Hellp syndrome (hemolyisis, elevated liver enzymes and low platelets)‎ : a review of the pathophysiology, diagnosis, management and anaesthetic considerations

Abstract EN

HELLP syndrome (hemolyisis, elevated liver enzymes, low platelets) is associated with poor maternal and fetal outcomes.

Maternal mortality has been estimated as high as 24%.

These patients are also at greater risks from pulmonary edema, adult respiratory distress syndrome (ARDS), abruptio placentae, disseminated intravascular coagulopathy (DIC), ruptured liver hematomas, and acute renal failure (ARF).

Perinatal mortality is equally high ranging from 79 to 367 per 1000 live births, and neonatal complications correlate with the severity of maternal disease.

Many clinicians view HELLP syndrome as an entity of preeclampsia, and with the varied symptomatology, the initial diagnosis may be obscured.

Prodromal signs include: 1) right upper quadrant and/or epigastric pain, 2) nausea and vomiting, 3) headache, 4) visual changes, 5) increased tendency to bleed from minor trauma, 6) jaundice, 7) diarrhea and 8) shoulder or neck pain.

Prior to delivery, aggressive obstetric management is directed toward stabilization of the affected organ systems and timely interruption of the pregnancy in the early phase of accelerated disease progression.

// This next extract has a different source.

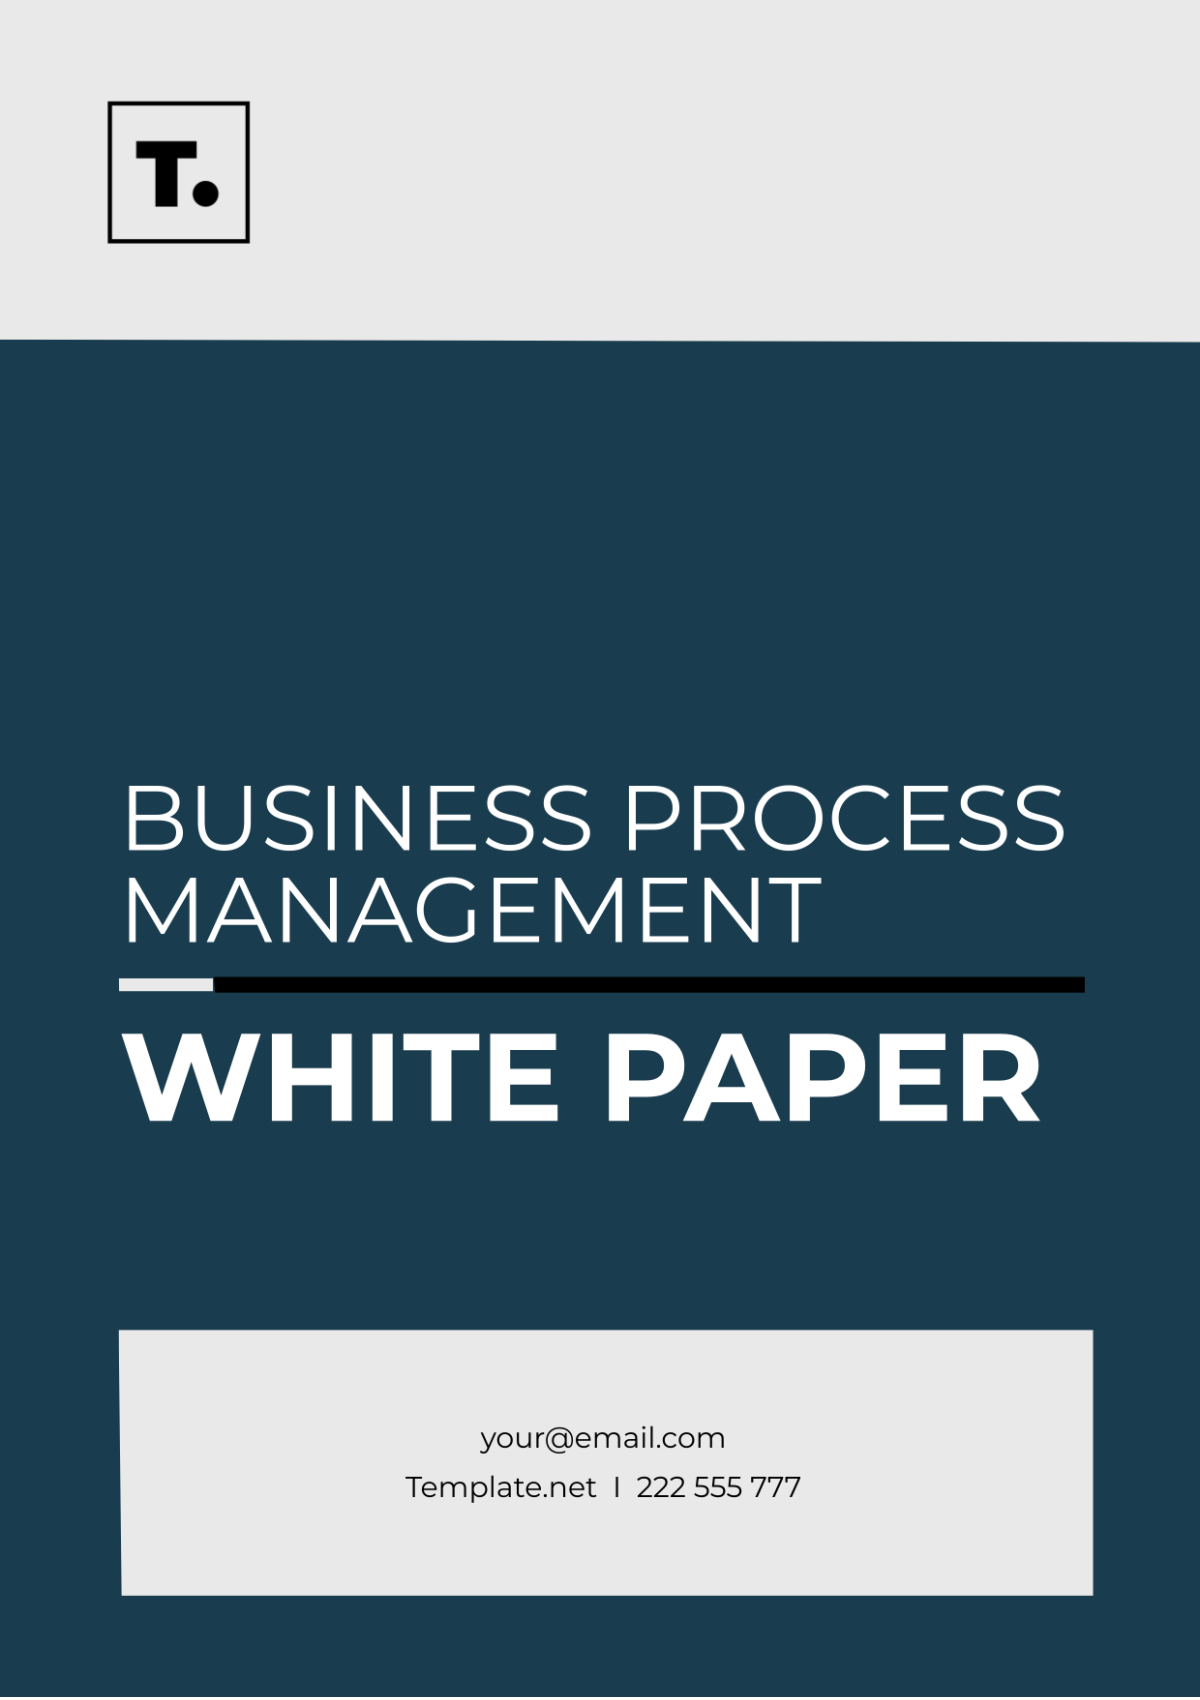 Business Process Management White Paper Template

Definitive therapy is delivery.

Parturients with HELLP syndrome are often critically ill; their infants are frequently premature and compromised.

Management criteria should include a multidisciplinary approach in a tertiary care centre.

The obstetric anaesthesia personnel should perform a thorough preanaesthetic evaluation and have considerable knowledge of the pathophysiology of this syndrome.

Unless significant coagulopathy is diagnosed, epidural anaesthesia is preferred over general anaesthesia, and spinal anaesthesia is perhaps contraindicated.